The parents, through Caldwell, transferred the case to federal court, where Baker held a hearing and initially sided with the district in requiring the boy to stay home until an expedited state administrative hearing could be held and the hearing officer, Doyle, could determine the best placement for the boy.

On April 25, 2018, Doyle ordered the boy's return to classes, saying the district didn't prove he was dangerous. But the district defied the order and appealed to Baker, while the boy's parents also asked Baker to order the district to reinstate him. Baker granted the parents' request and issued an injunction requiring the district to reinstate the boy, though by this time only a few days remained of the school year.

Baker also scolded the district for failing to provide education services for the boy while his placement was being evaluated, and for violating Doyle's orders.

Doyle, a psychologist who Caldwell says has been recognized nationally for his knowledge and expertise, does business as Behavior Management Systems Inc. The lawsuit says his most recent contract with the department covered the term of Sept. 17, 2017, through June 30, 2019, and was subject to extension through June 30, 2024.
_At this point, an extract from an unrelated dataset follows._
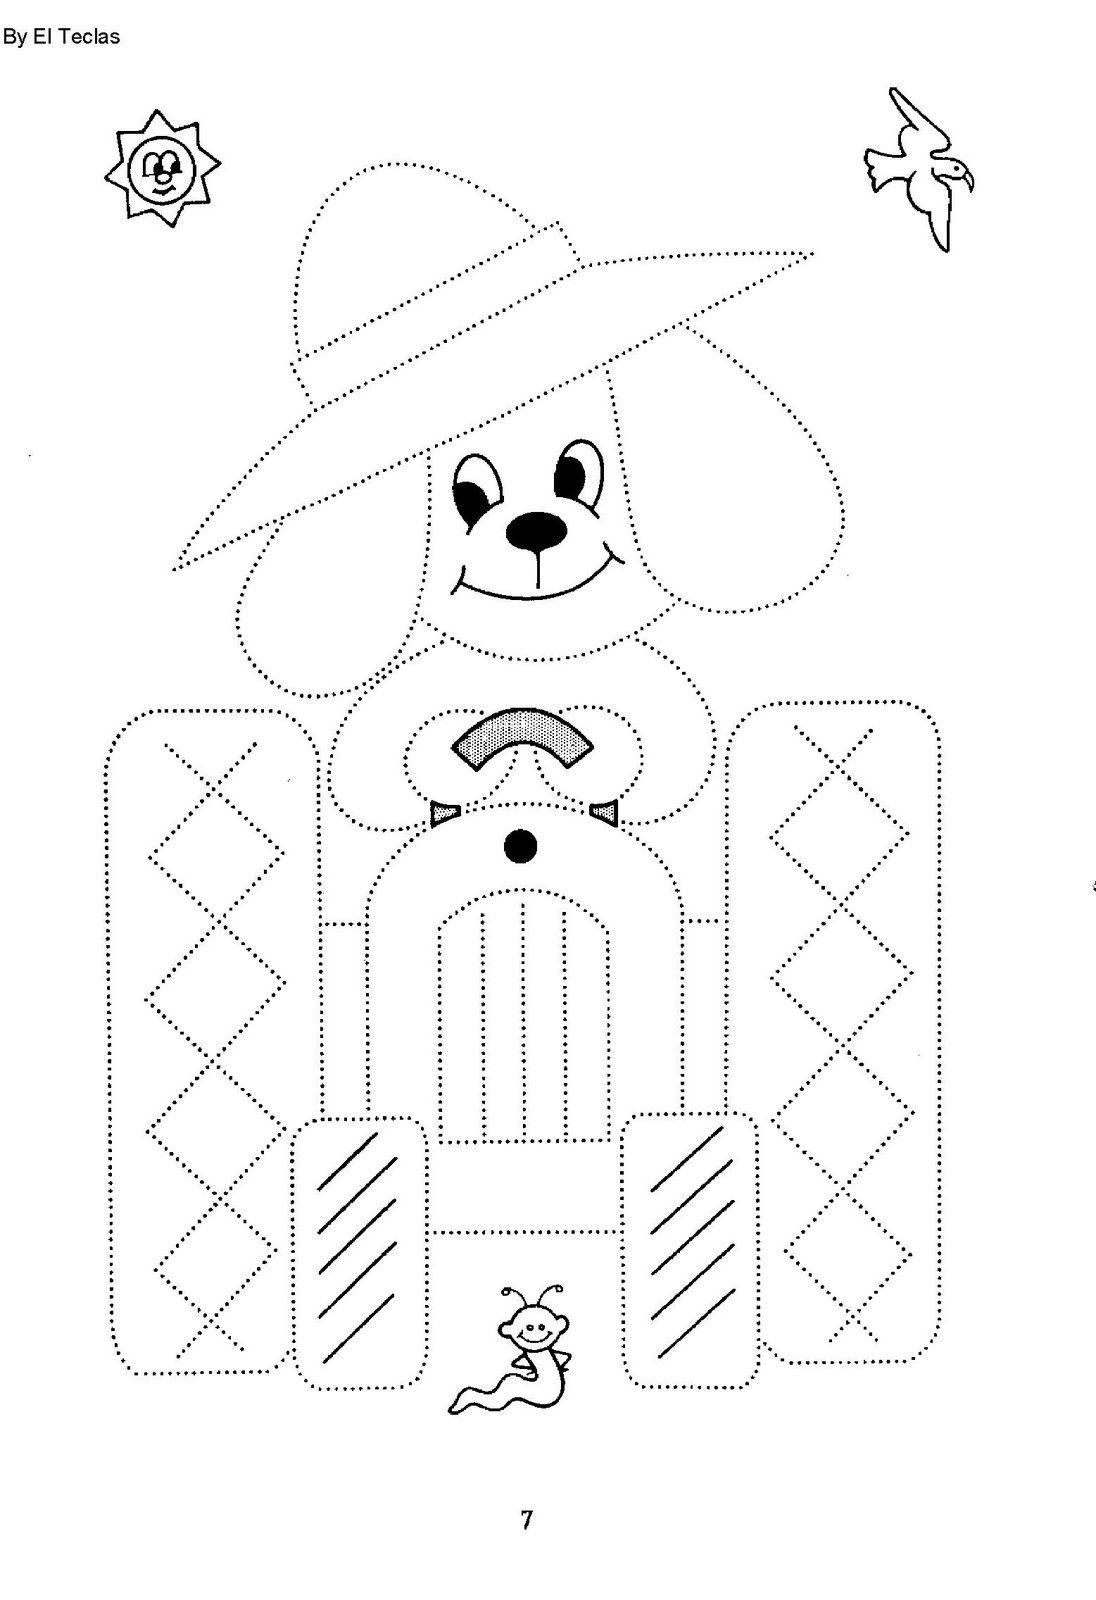 Dibujos Para Colorear Y Practicar La Caligrafia Uniendo Puntos Actividades Para Ninos Preescolar Grafomotricidad Ninos De Preescolar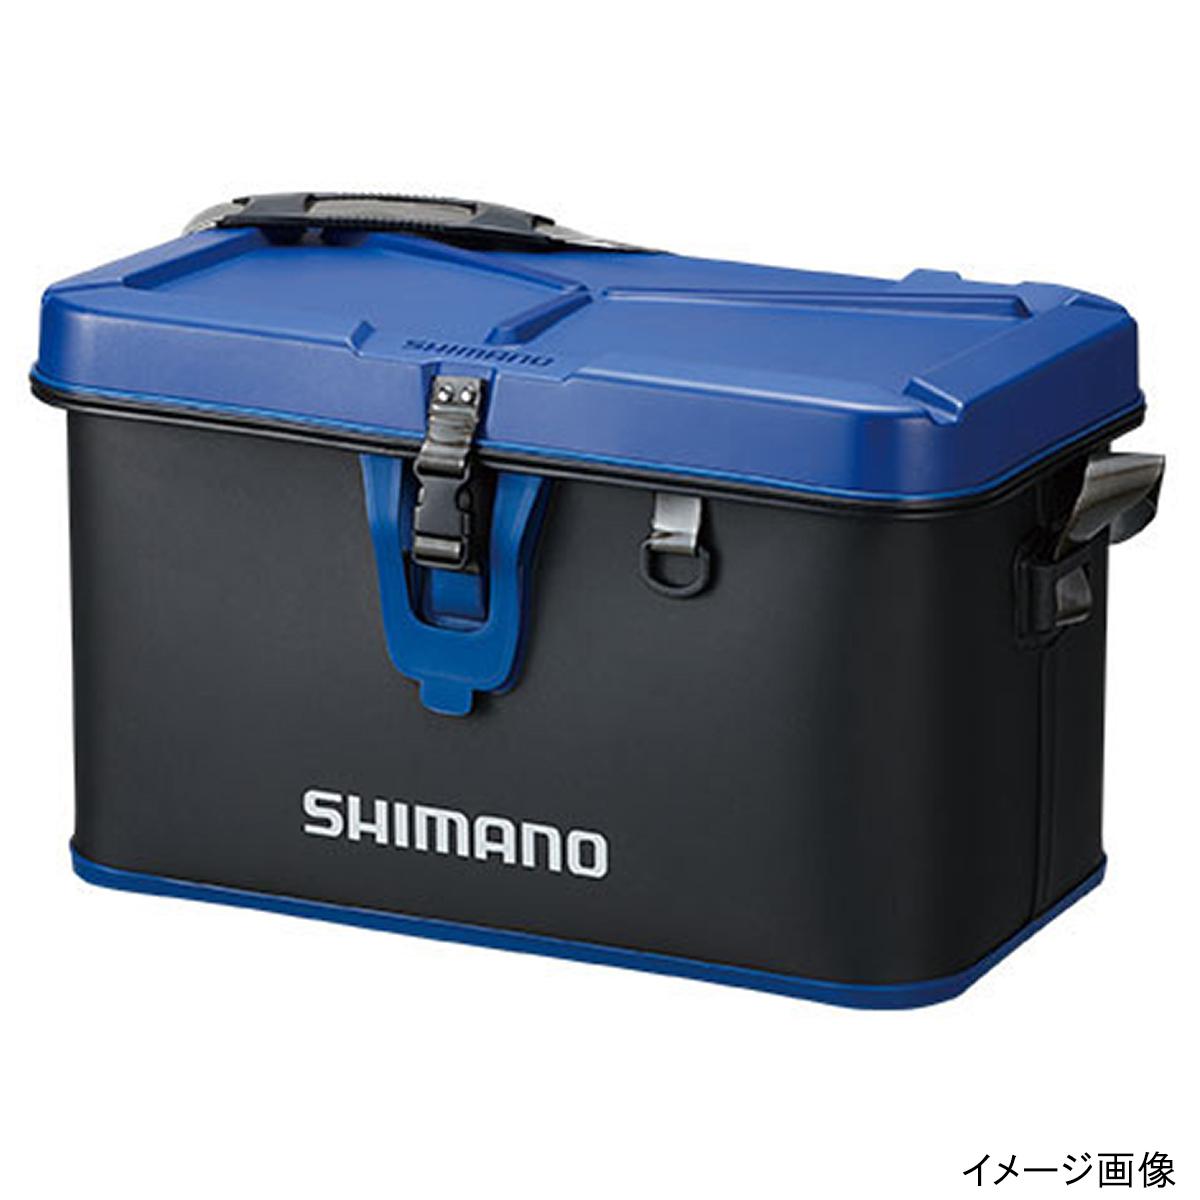 シマノ タックルボートバッグ(ハードタイプ) BK-001Q 27L ブラック(東日本店)

"Doyle's contracts were regularly and routinely renewed and extended, and he reasonably expected that his contract would be extended" through June of 2024, the suit states.

It said the department gave Doyle a satisfactory evaluation on Jan. 10, 2018, and again on July 12, 2018. But on Oct. 3, 2018, after the contentious Vilonia case and the July 1 hiring of the School District's former director of special education, Matt Sewell, as the state's assistant director of special education, the department "for the first time in 36 years rated his performance as below standards," the lawsuit states.

Caldwell noted that according to comments the department included in the evaluation, Doyle's decisions "lack sufficient legal analysis and application of law."

While the comments suggested a review of more than one decision, Doyle had issued only one substantive order between July 12 and Oct. 3, according to the suit. It says that "gives rise to an inference" that the evaluation remarks "were a pretext for canceling Doyle's contract." The order in question was issued Sept. 5, 2018.

The suit says Sewell confirmed on Oct. 16, 2018, that Doyle had been "rated down," before canceling his contract.

Caldwell suggested that Doyle's evaluator had been instructed to "rate down" Doyle. She said it's likely Sewell was waiting until after the Oct. 3 evaluation to cancel Doyle's contract, since the hearing officer had been rated satisfactory during his most recent evaluation before that.

The case was assigned to U.S. District Judge James Moody Jr.